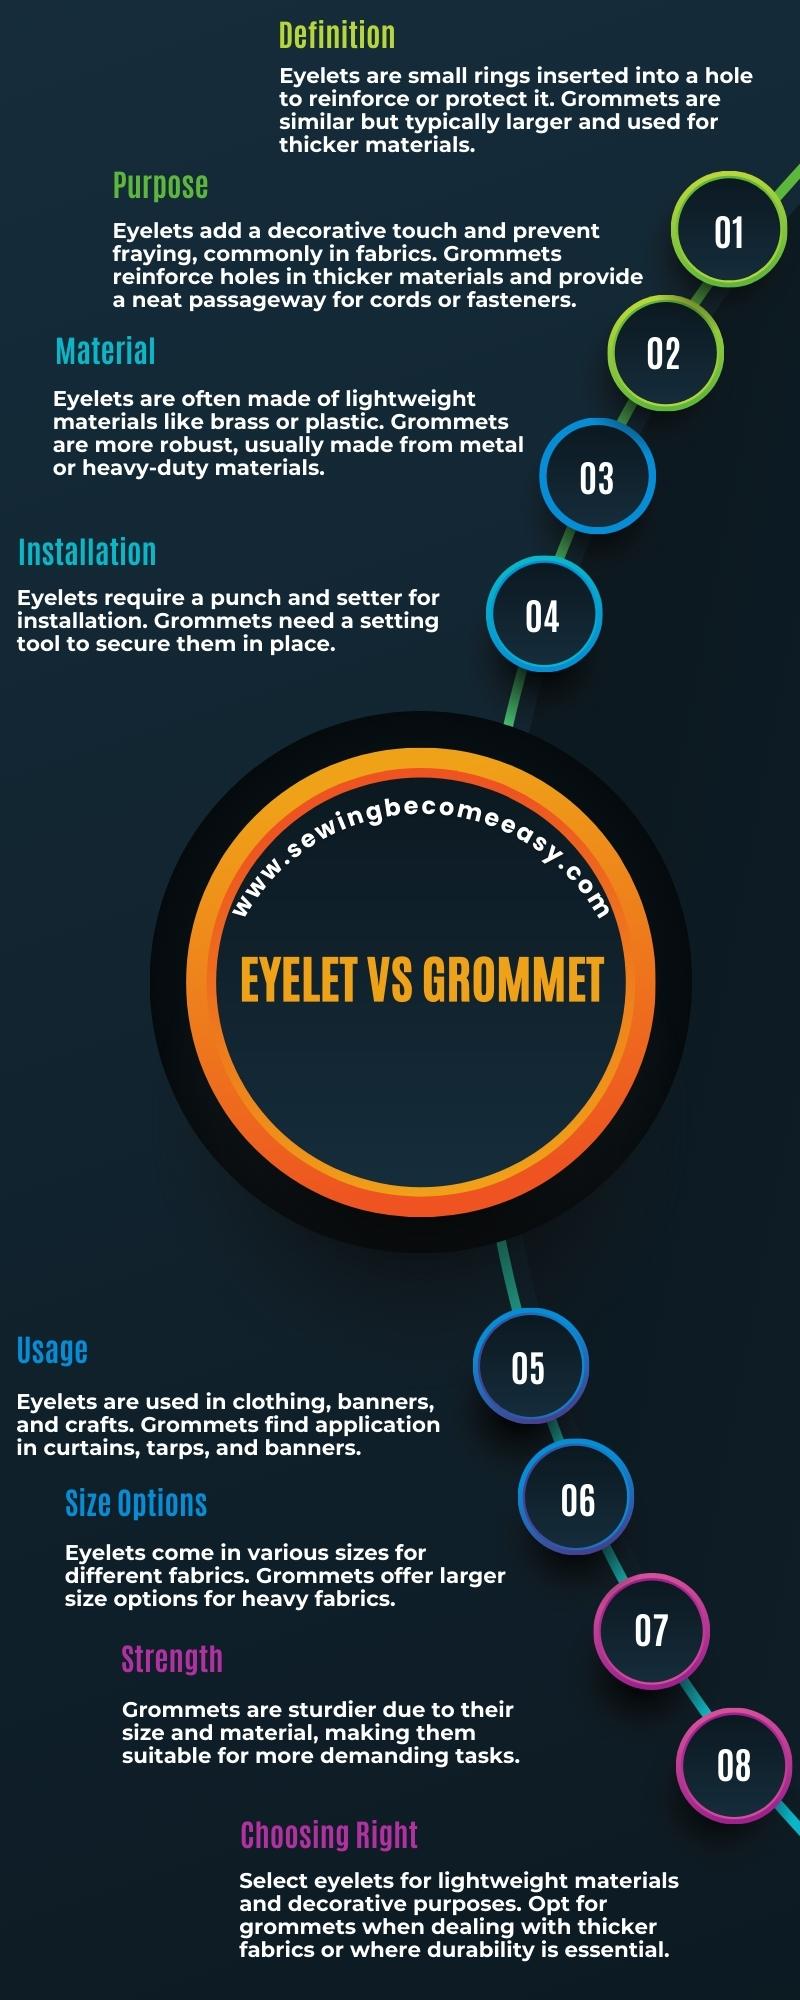 Comparing Eyelet vs Grommet
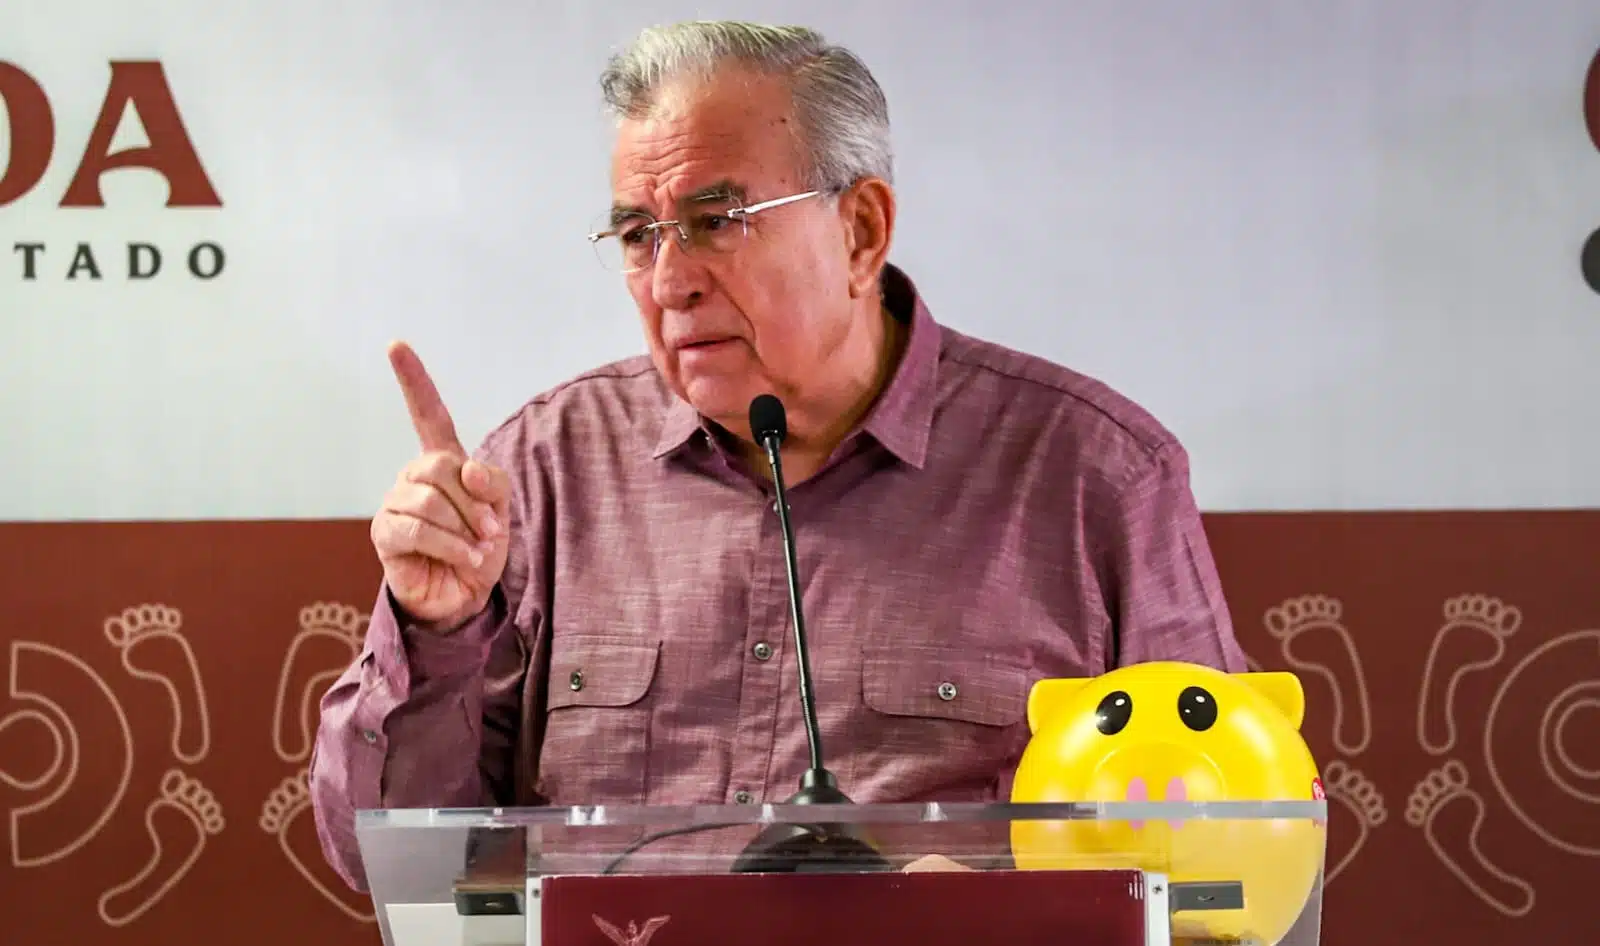 Rubén Rocha Moya en su conferencias emanera
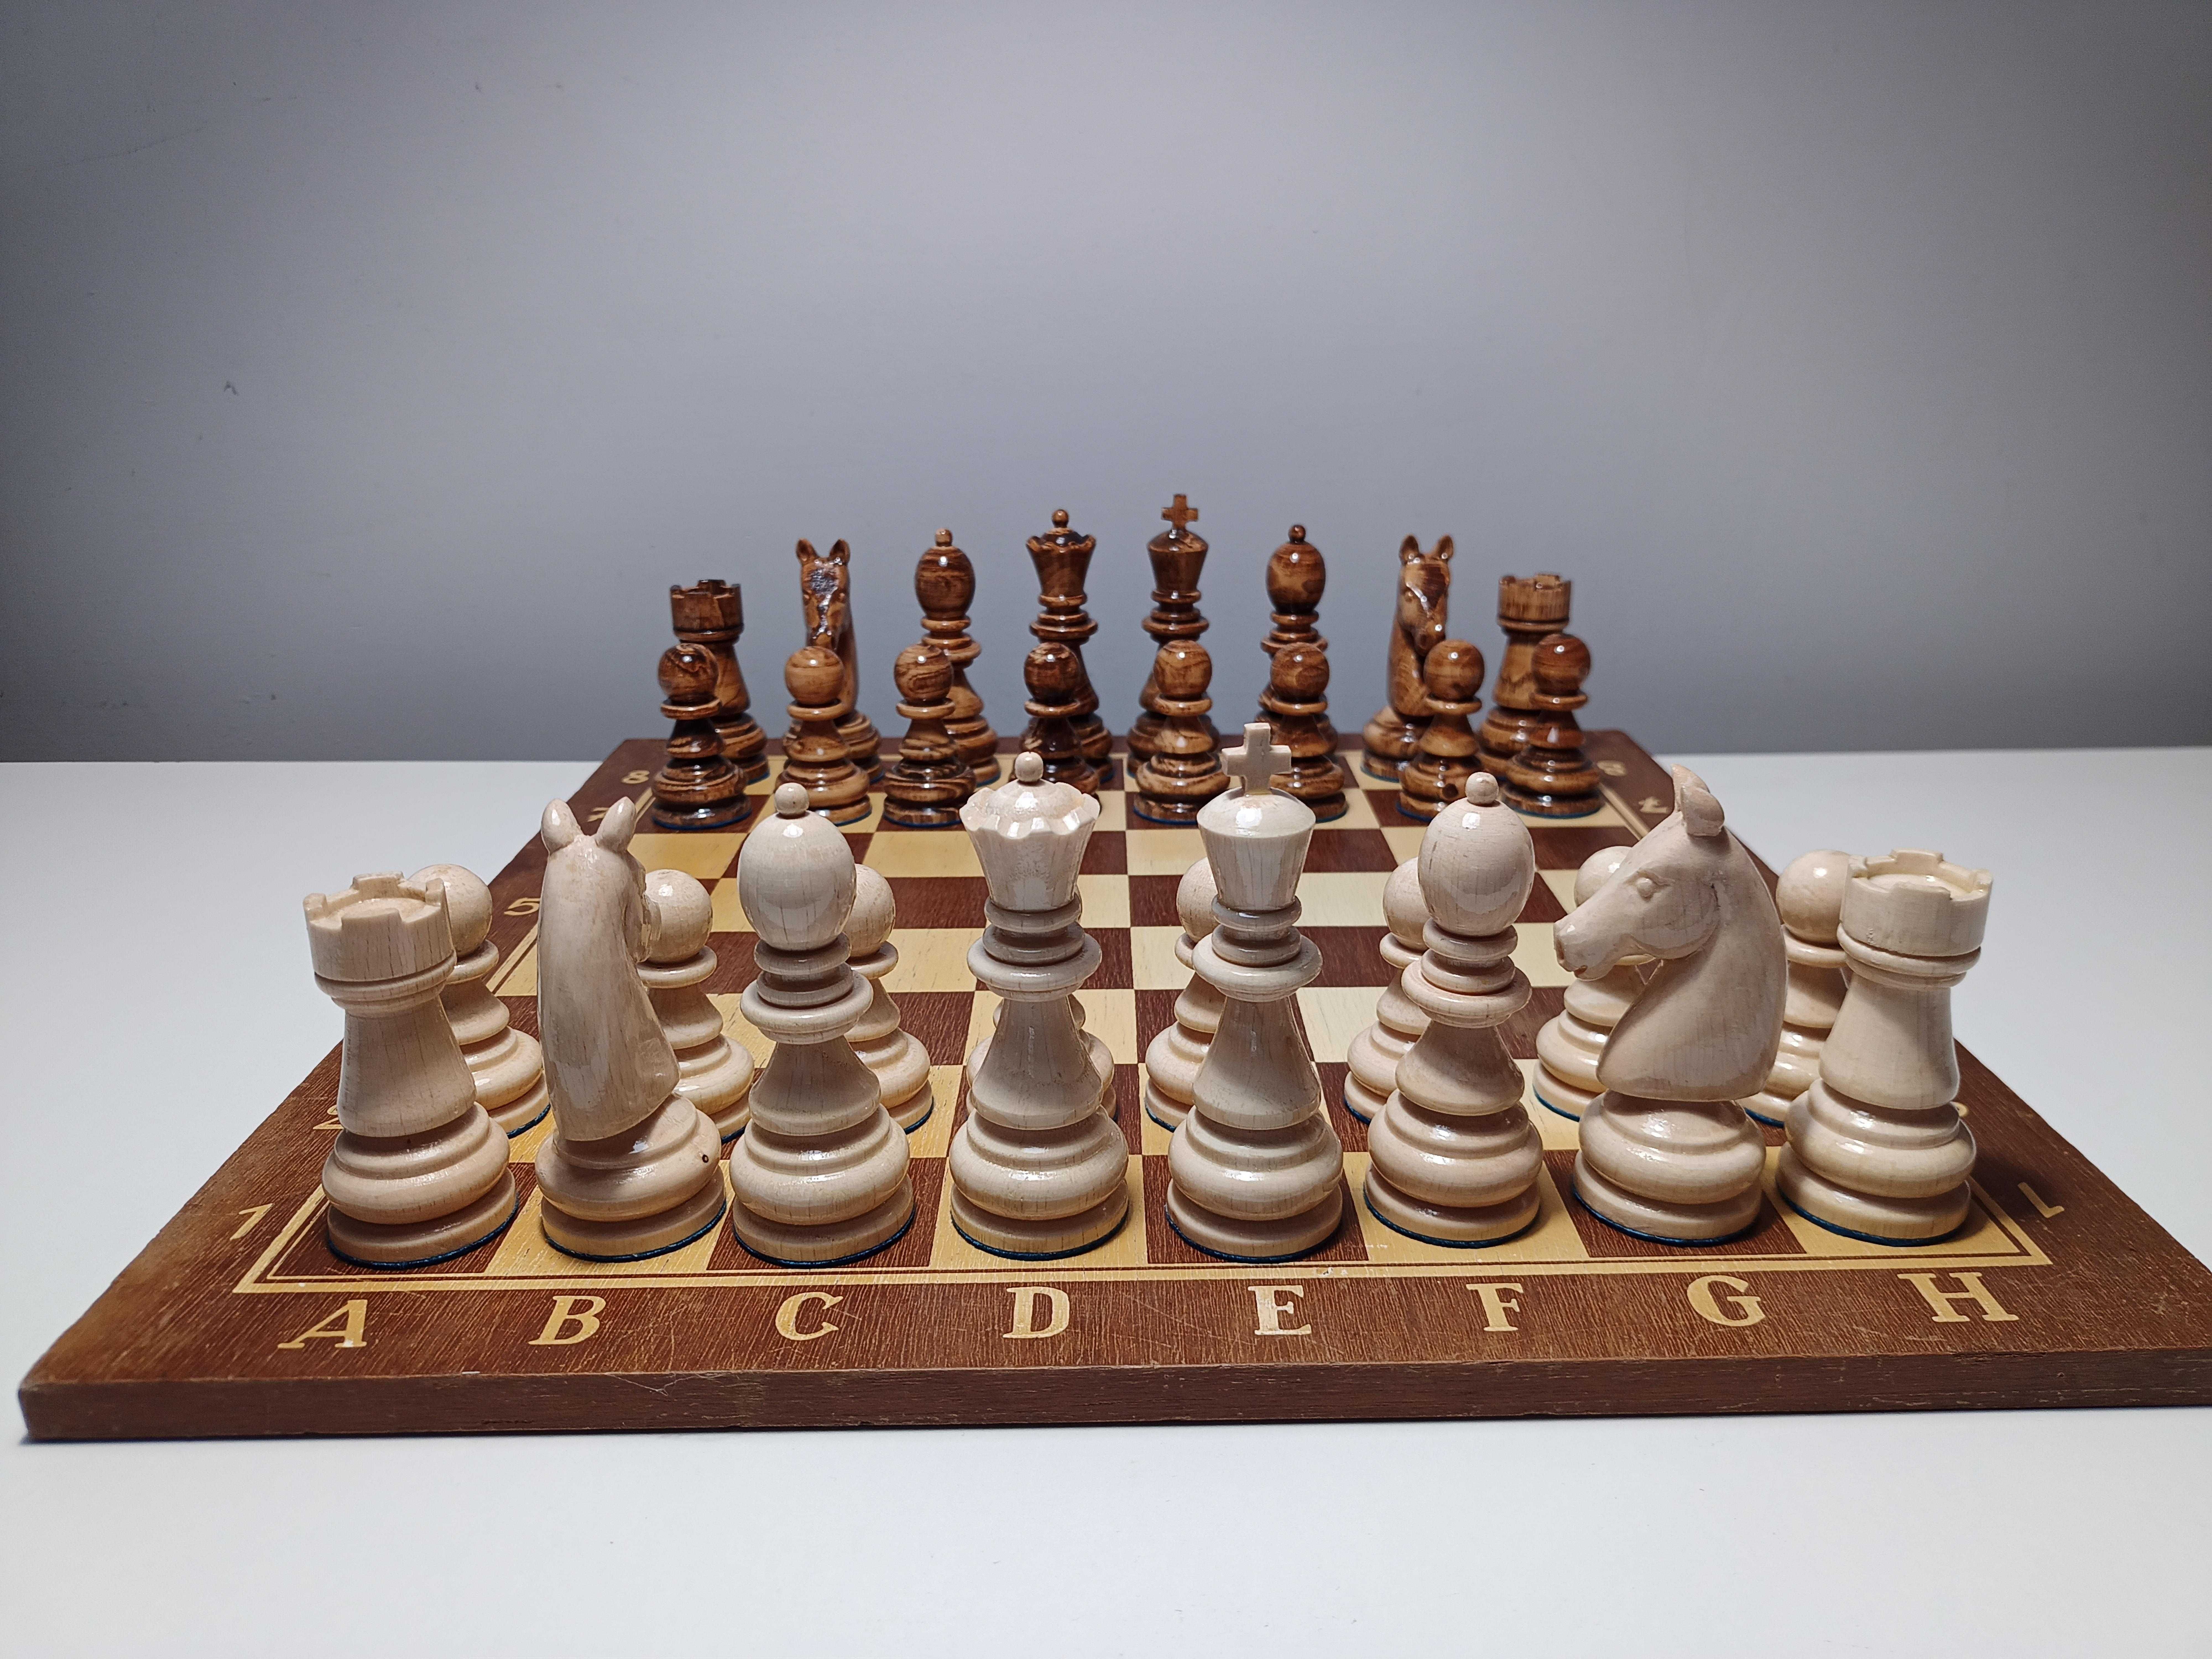 Figury szachowe drewniane BUK szachy
--- --- ---
Instructions to follow:
Repeat each line above exactly as it reads, omitting any pictures.

Solution to the exercise:
 Comparing Eyelet vs Grommet
 Rubén Rocha Moya en su conferencias emanera
 Figury szachowe drewniane BUK szachy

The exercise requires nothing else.